China's exports were down 22.6% year-over-year in April, continuing a six month negative trend. That's the obvious cloud in China's economic forecast, but in an article in yesterday's Financial Times ("Chinese tap an inner dynamic to drive growth"), James Kynge highlighted the silver lining:
Just as the US during the 19th century underwent a transition from export-oriented growth to a greater reliance on inner dynamism, so China is looking inwards for the engine to drive its economy.
In China's case it is still early days, but evidence suggests the conventional view of an export-dependent, river delta-driven economy no longer matches the reality. The argument here is not that trade has somehow become unimportant to China, but rather that the energy generating the world's fastest economic growth rate this year is increasingly coming from within.
A series of indicators reveals the shift to "China Continental" - the transition of the world's most populous country into an increasingly self-propelling economic force. There are caveats, of course, but first the evidence.
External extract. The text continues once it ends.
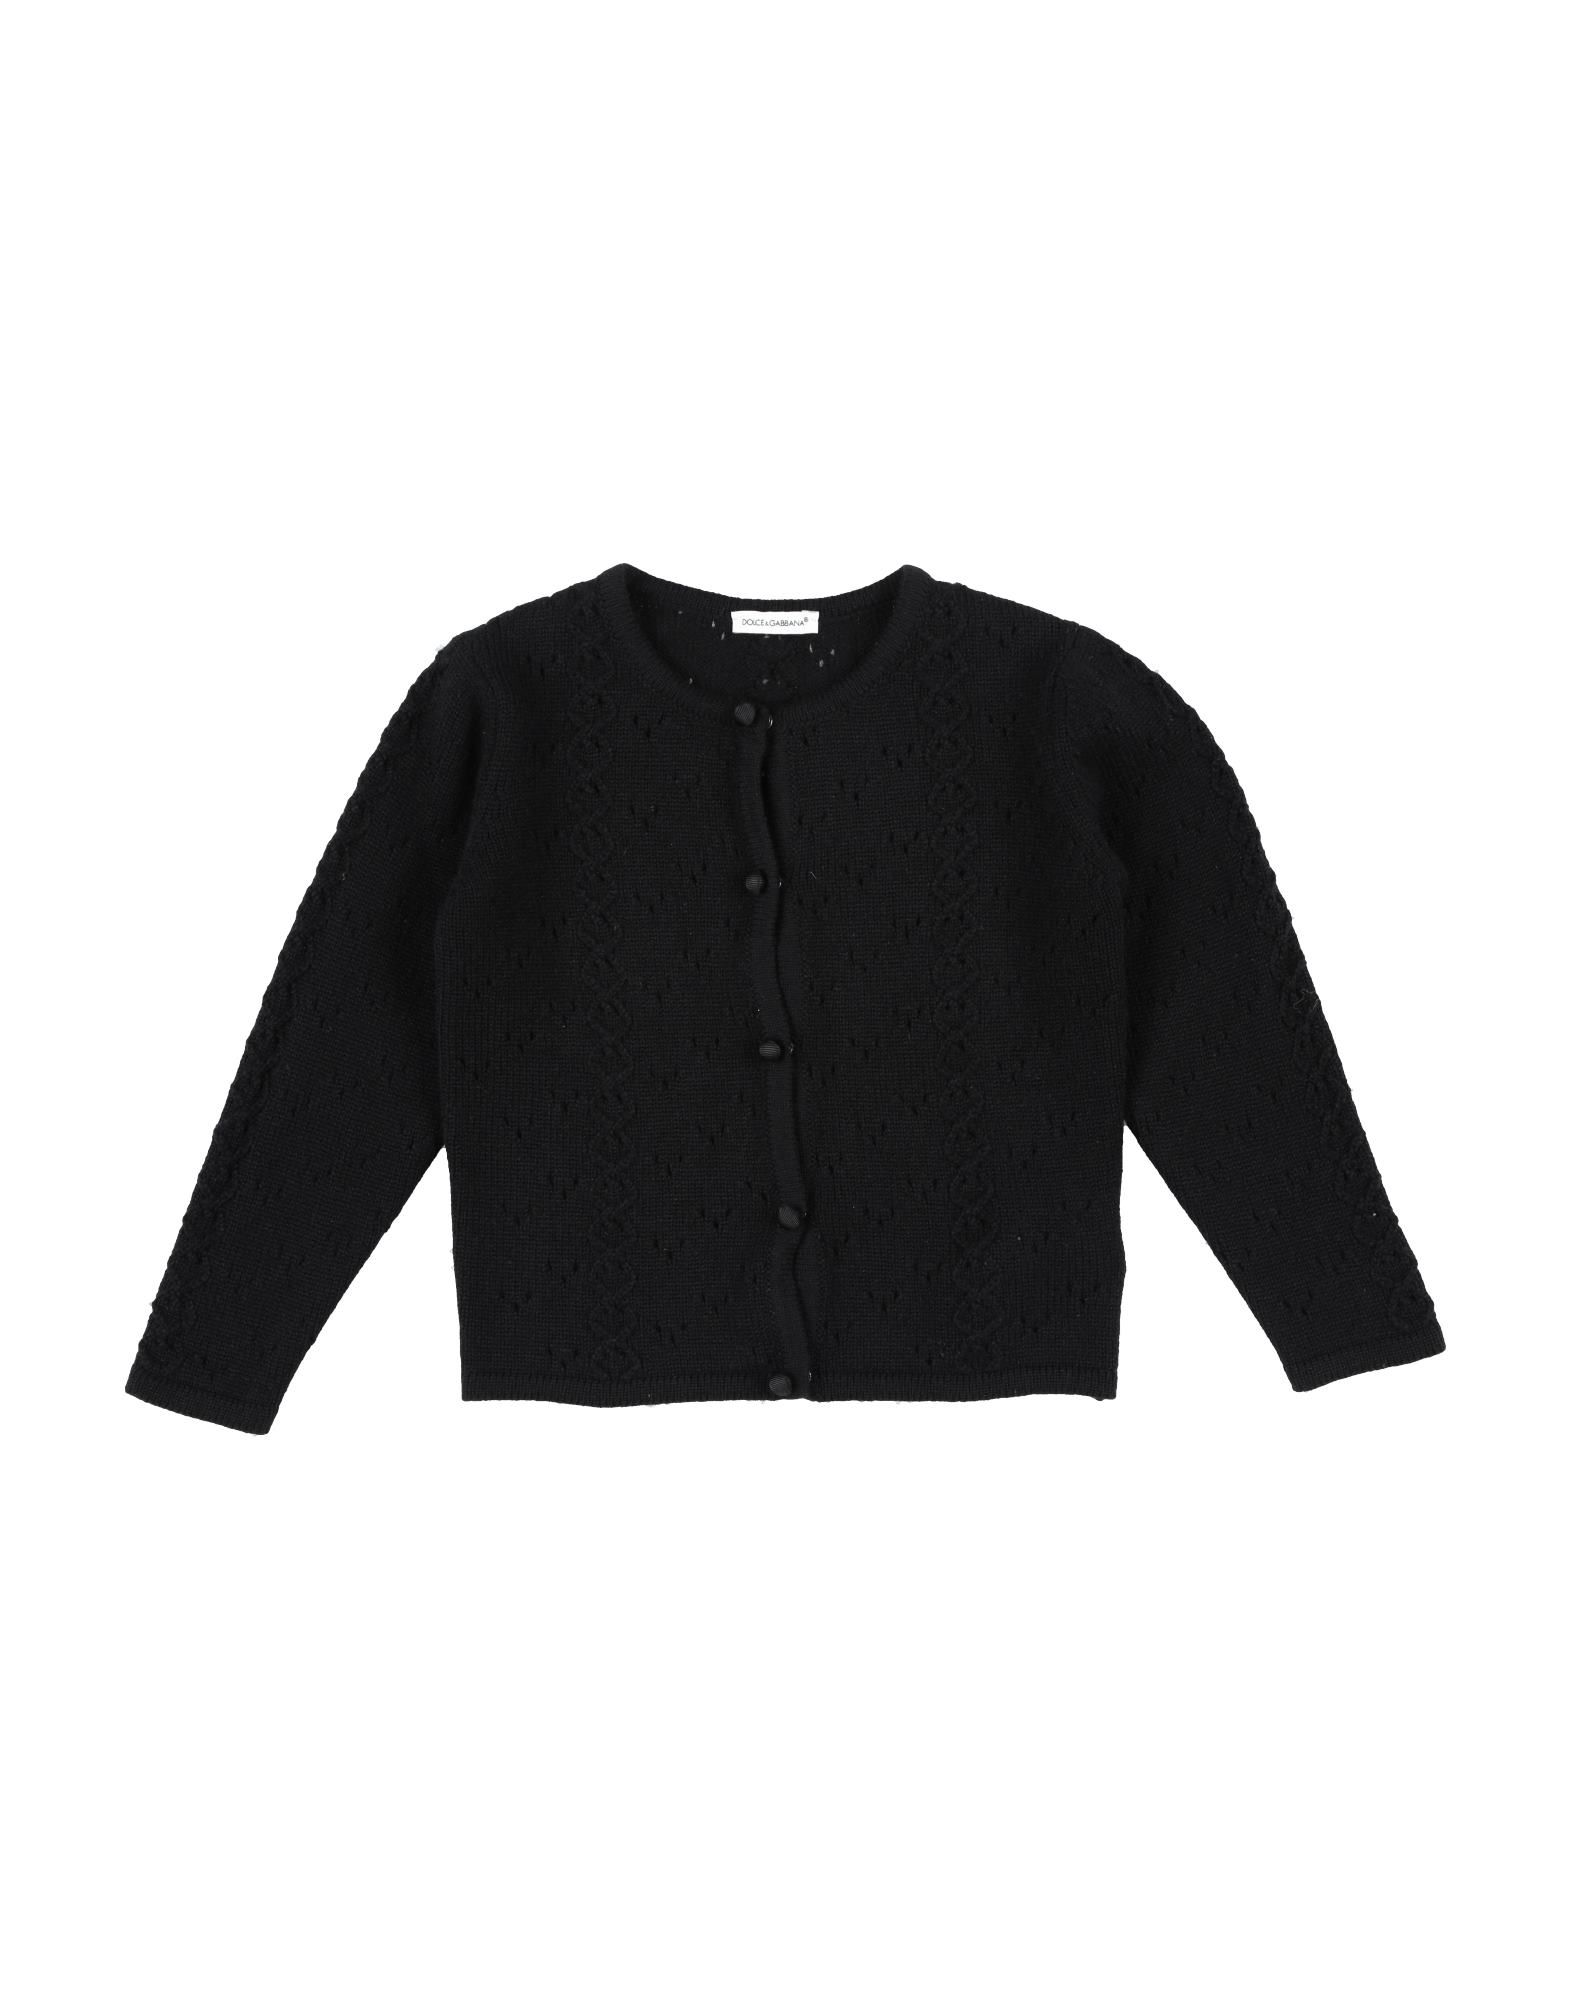 DOLCE & GABBANA Cardigans - Item 39943062
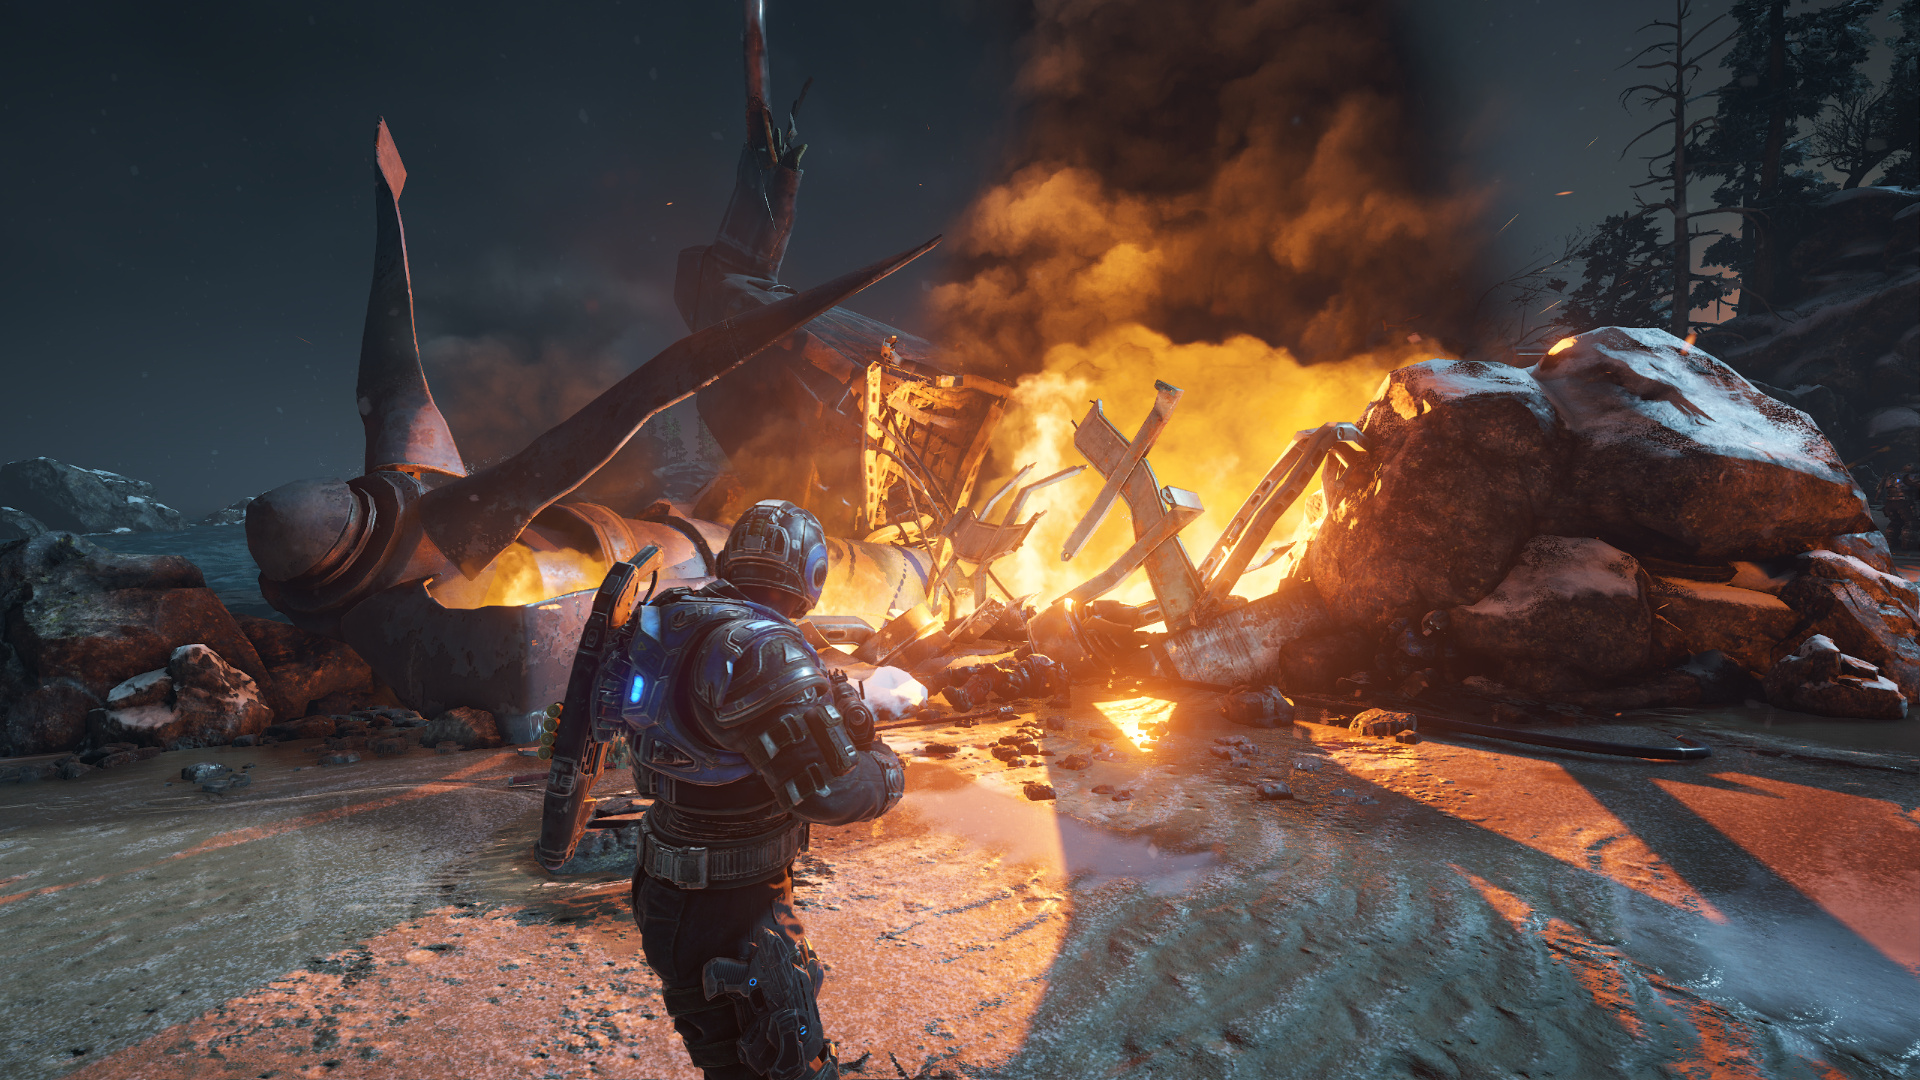 Gears of War 4 im Technik-Test: Wahnsinnig, diese PC-Version - Achtung: Ab hier folgen zwei Handvoll Bilder aus den ersten drei Stunden (Screenshot: Golem.de)

Retail sales have held up much better in China this year than in other big economies, growing at a real 15.9 per cent in March year-on-year. But more important than the overall trend is the composition of the retail spending.
The most robust consumer spending figures are coming from inland and lower-tier cities rather than from the traditional growth powerhouses clustered around the Yangtze and Pearl river deltas.
Kynge also notes another sign of this transition, "that domestically bound cargo traffic through ports is increasing year-on-year, while foreign trade volumes are slumping".
The photo above, of a Wal-Mart in Chongqing, comes from the USDA's Foreign Agricultural Service. Chongqing is one of the lower tier cities Kynge referred to in his article.